[Data to examine — start]

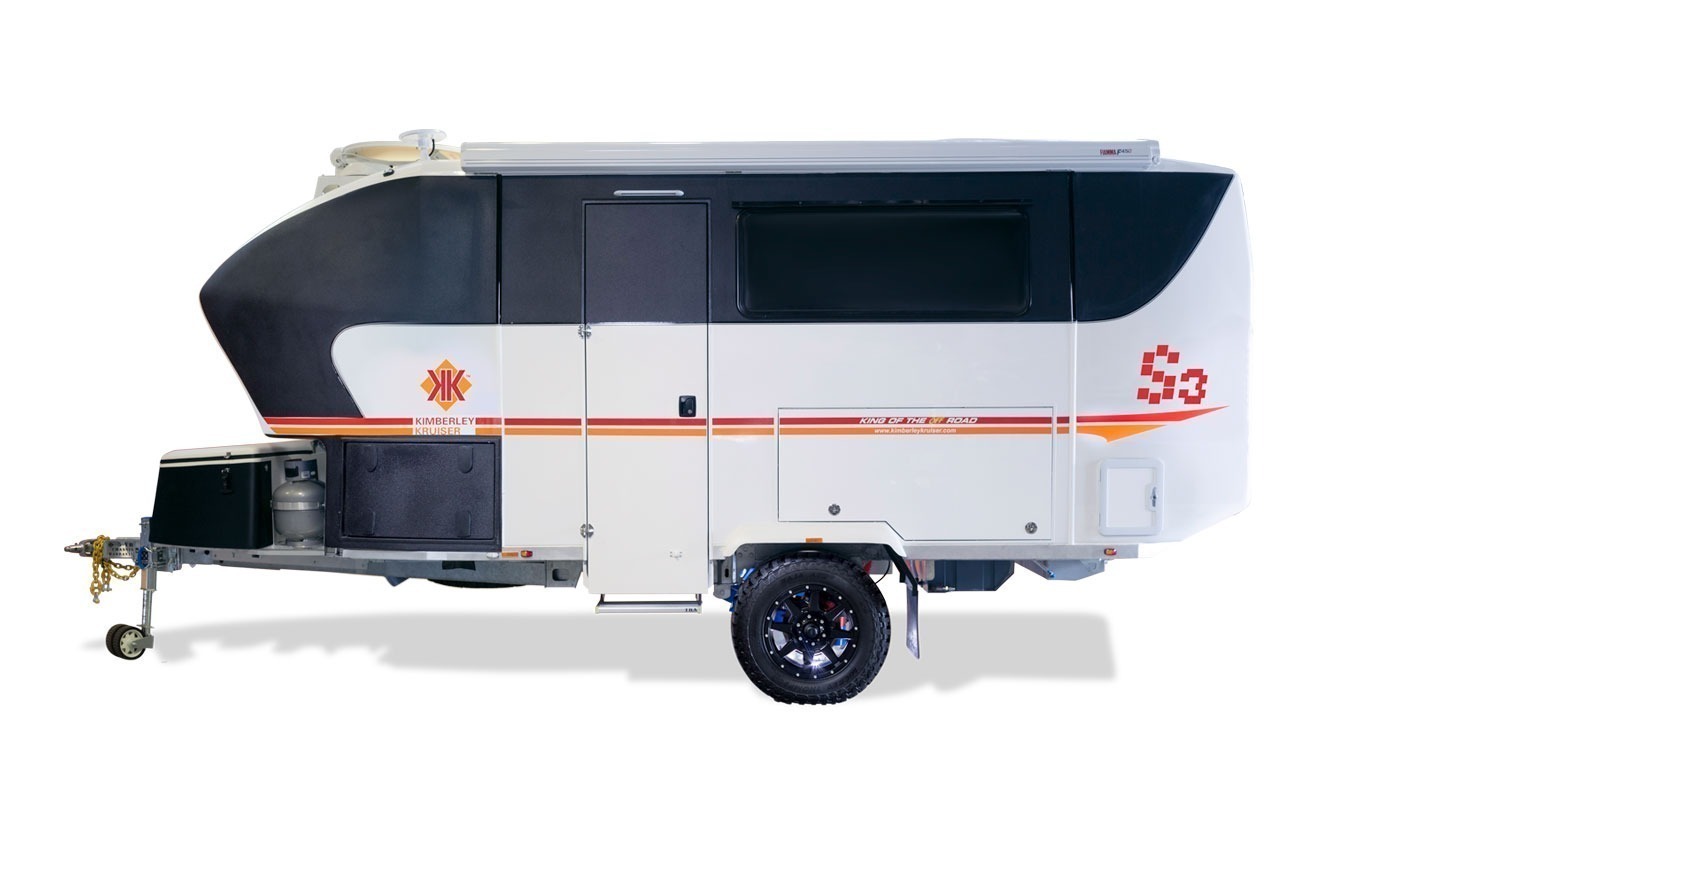 S-Class Caravan for Sale in Australia | Kimberley Kampers Australia
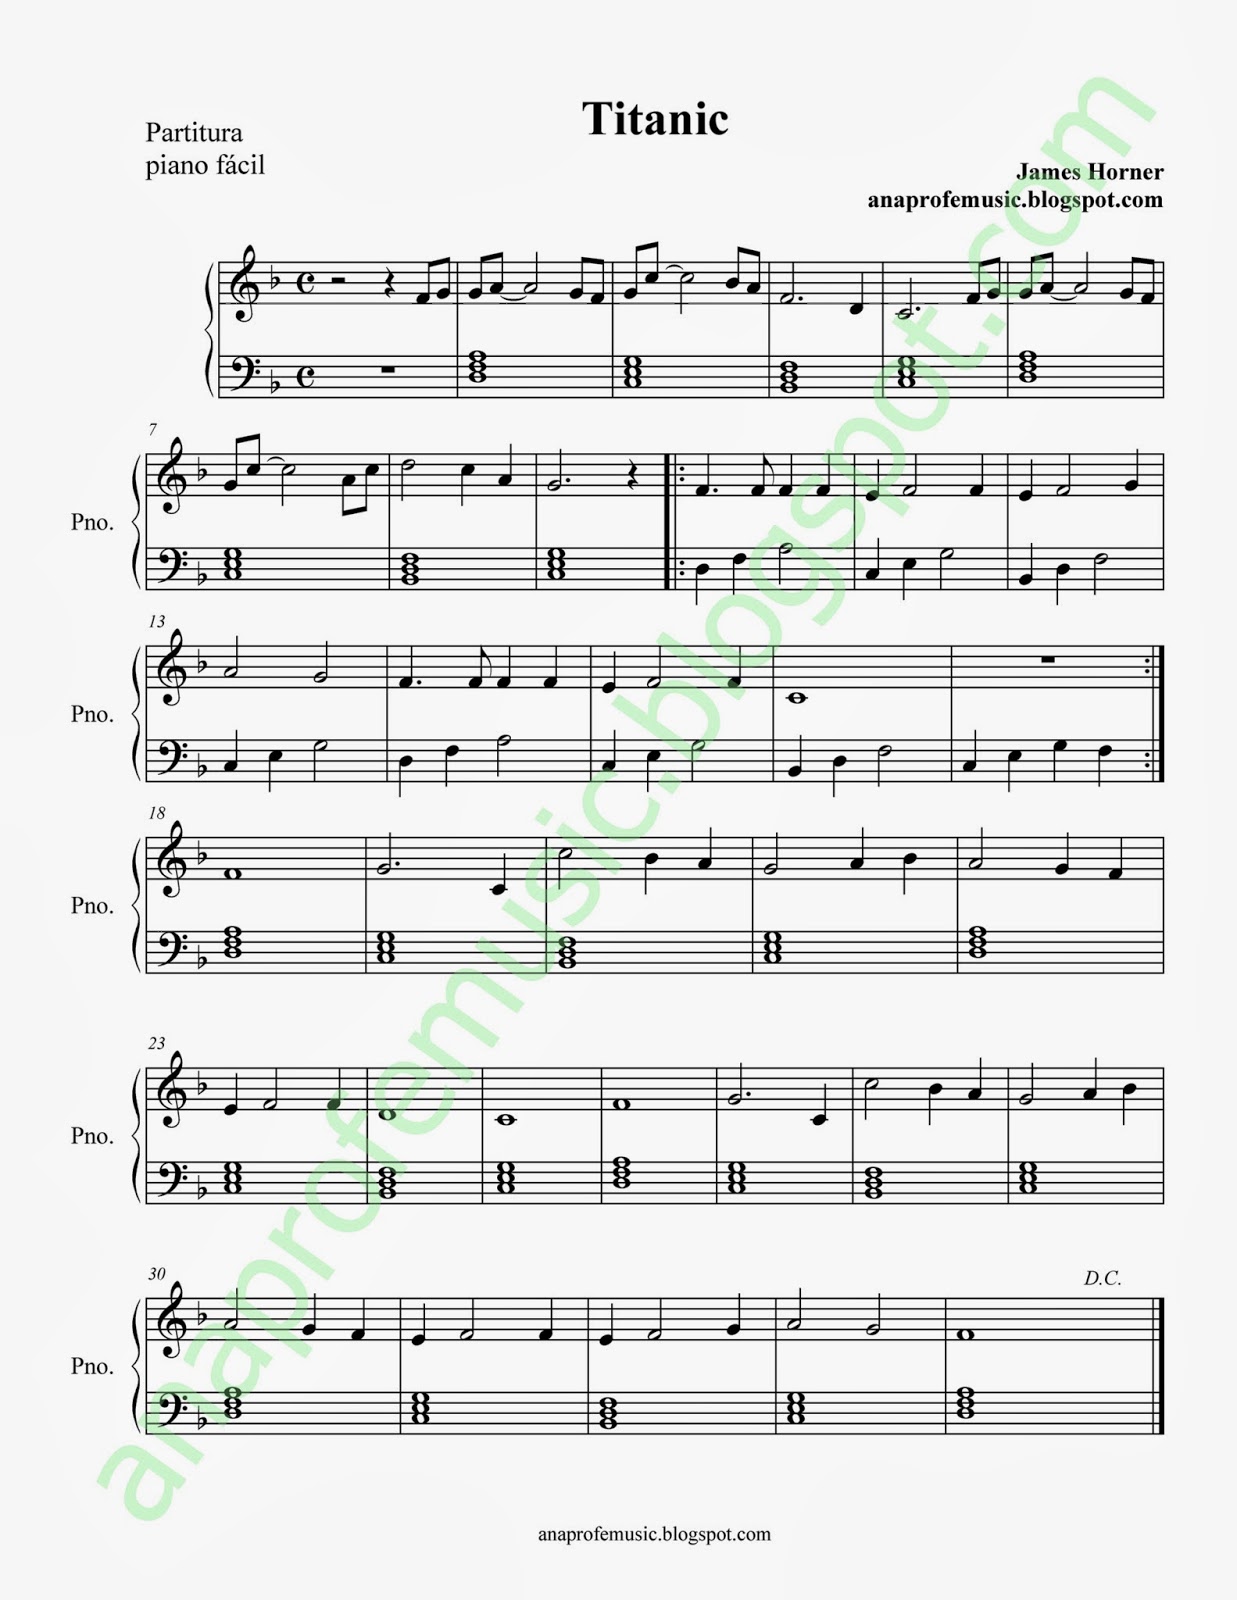 Guardia no amante AnaProfeMusic: Partitura BSO Titanic para piano - fácil -
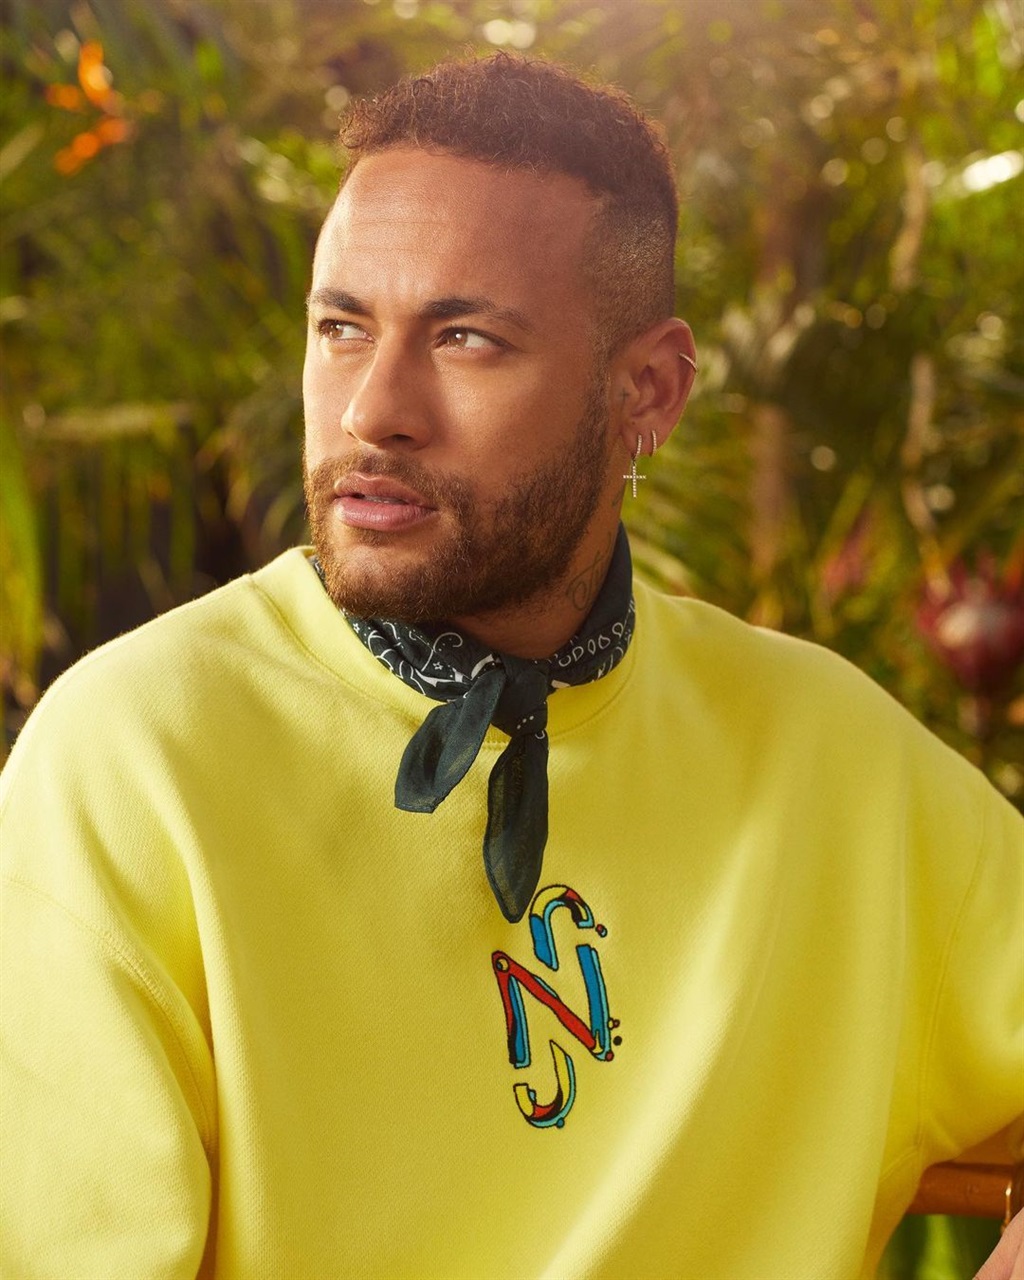 The Puma t-shirt worn by Neymar on his Instagram account @neymarjr
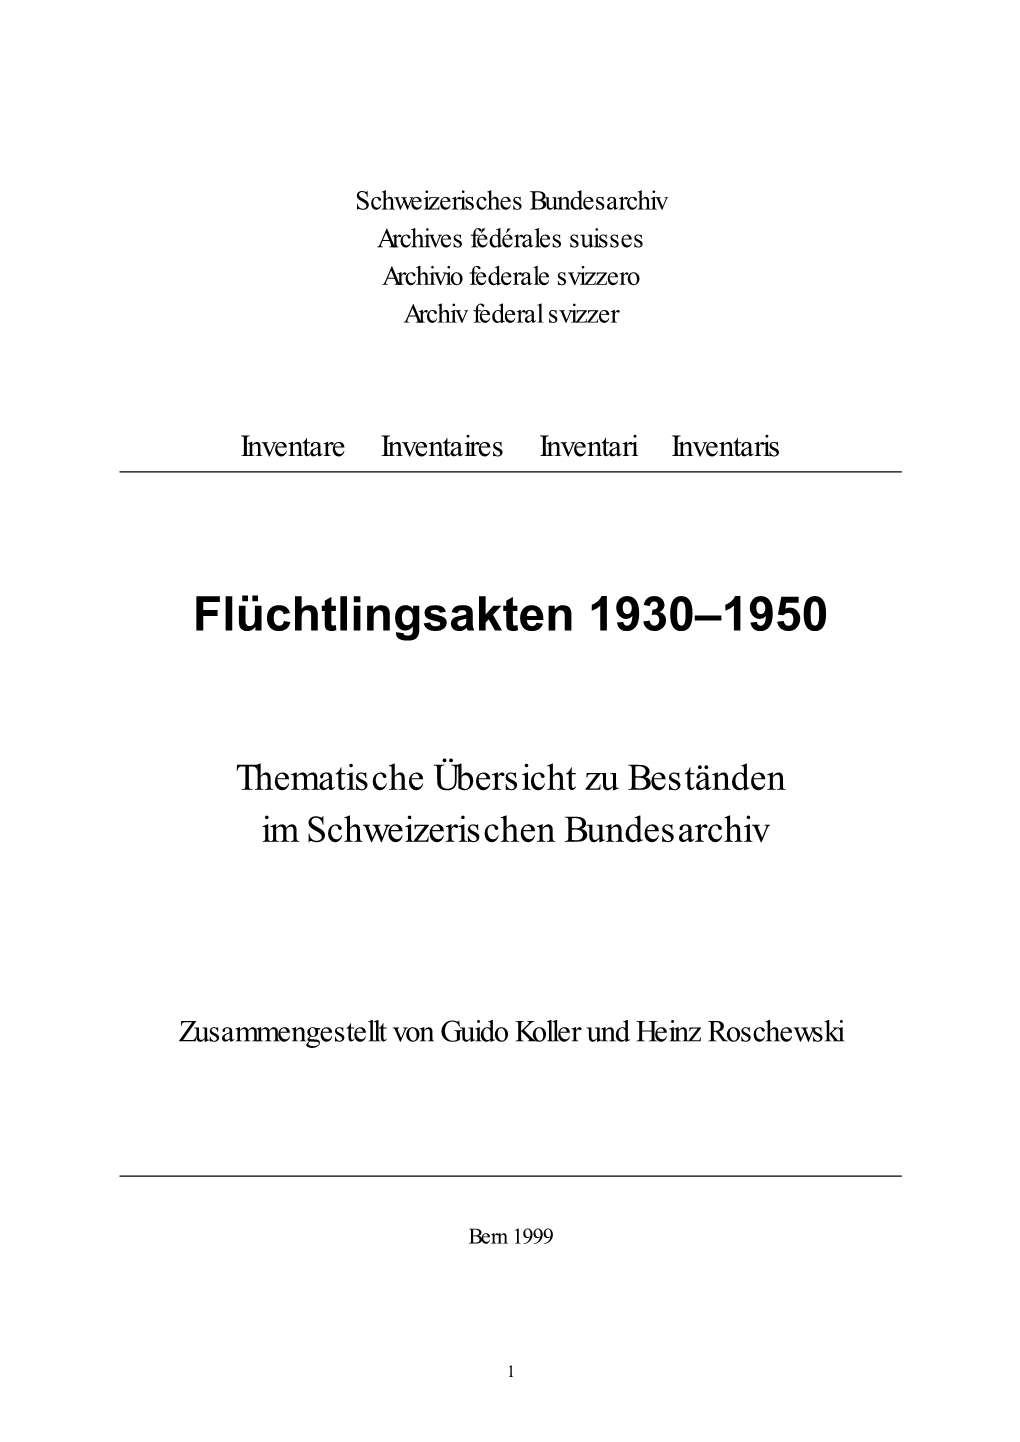 Flüchtlingsakten 1930–1950
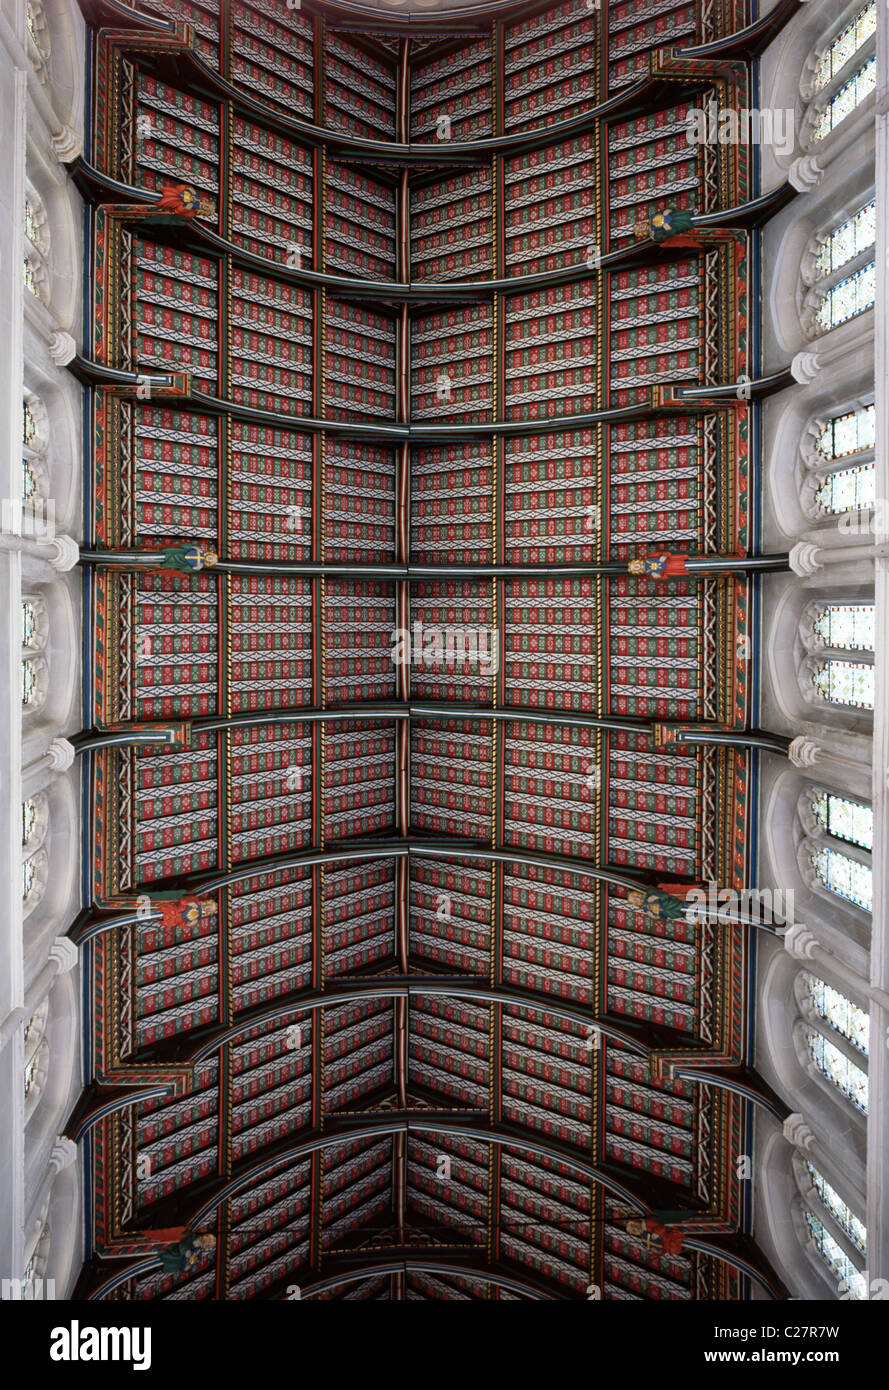 St Edmundsbury Cathedral, Bury St Edmunds, Suffolk, England. Nave ceiling Stock Photo
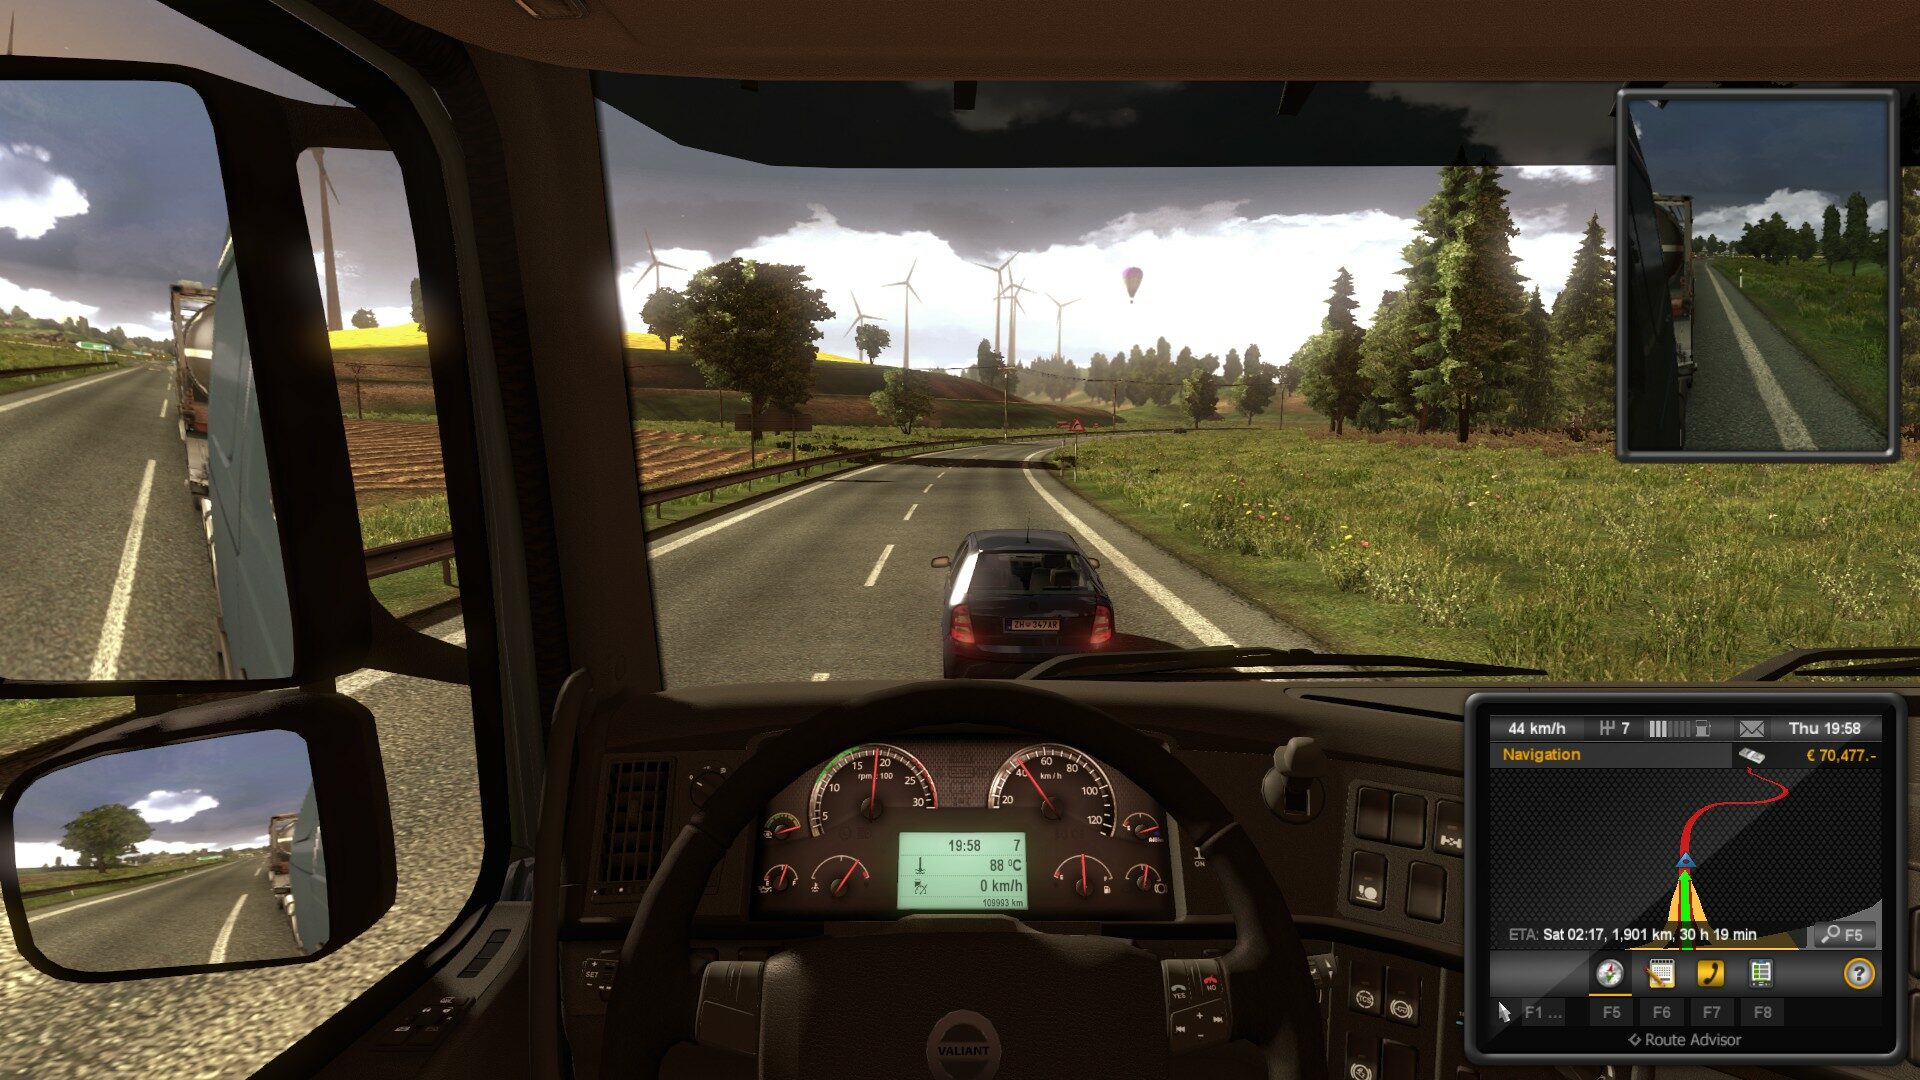 euro truck simulator 2 gold edition

[Data to examine — finish]

What the exercise asks:
Would you reproduce the records exactly as they stand, but without the pictures?

Solution:
 S-Class Caravan for Sale in Australia | Kimberley Kampers Australia
 Guardia no amante AnaProfeMusic: Partitura BSO Titanic para piano - fácil -
 The Puma t-shirt worn by Neymar on his Instagram account @neymarjr
 Flüchtlingsakten 1930–1950
 St Edmundsbury Cathedral, Bury St Edmunds, Suffolk, England. Nave ceiling Stock Photo
 euro truck simulator 2 gold edition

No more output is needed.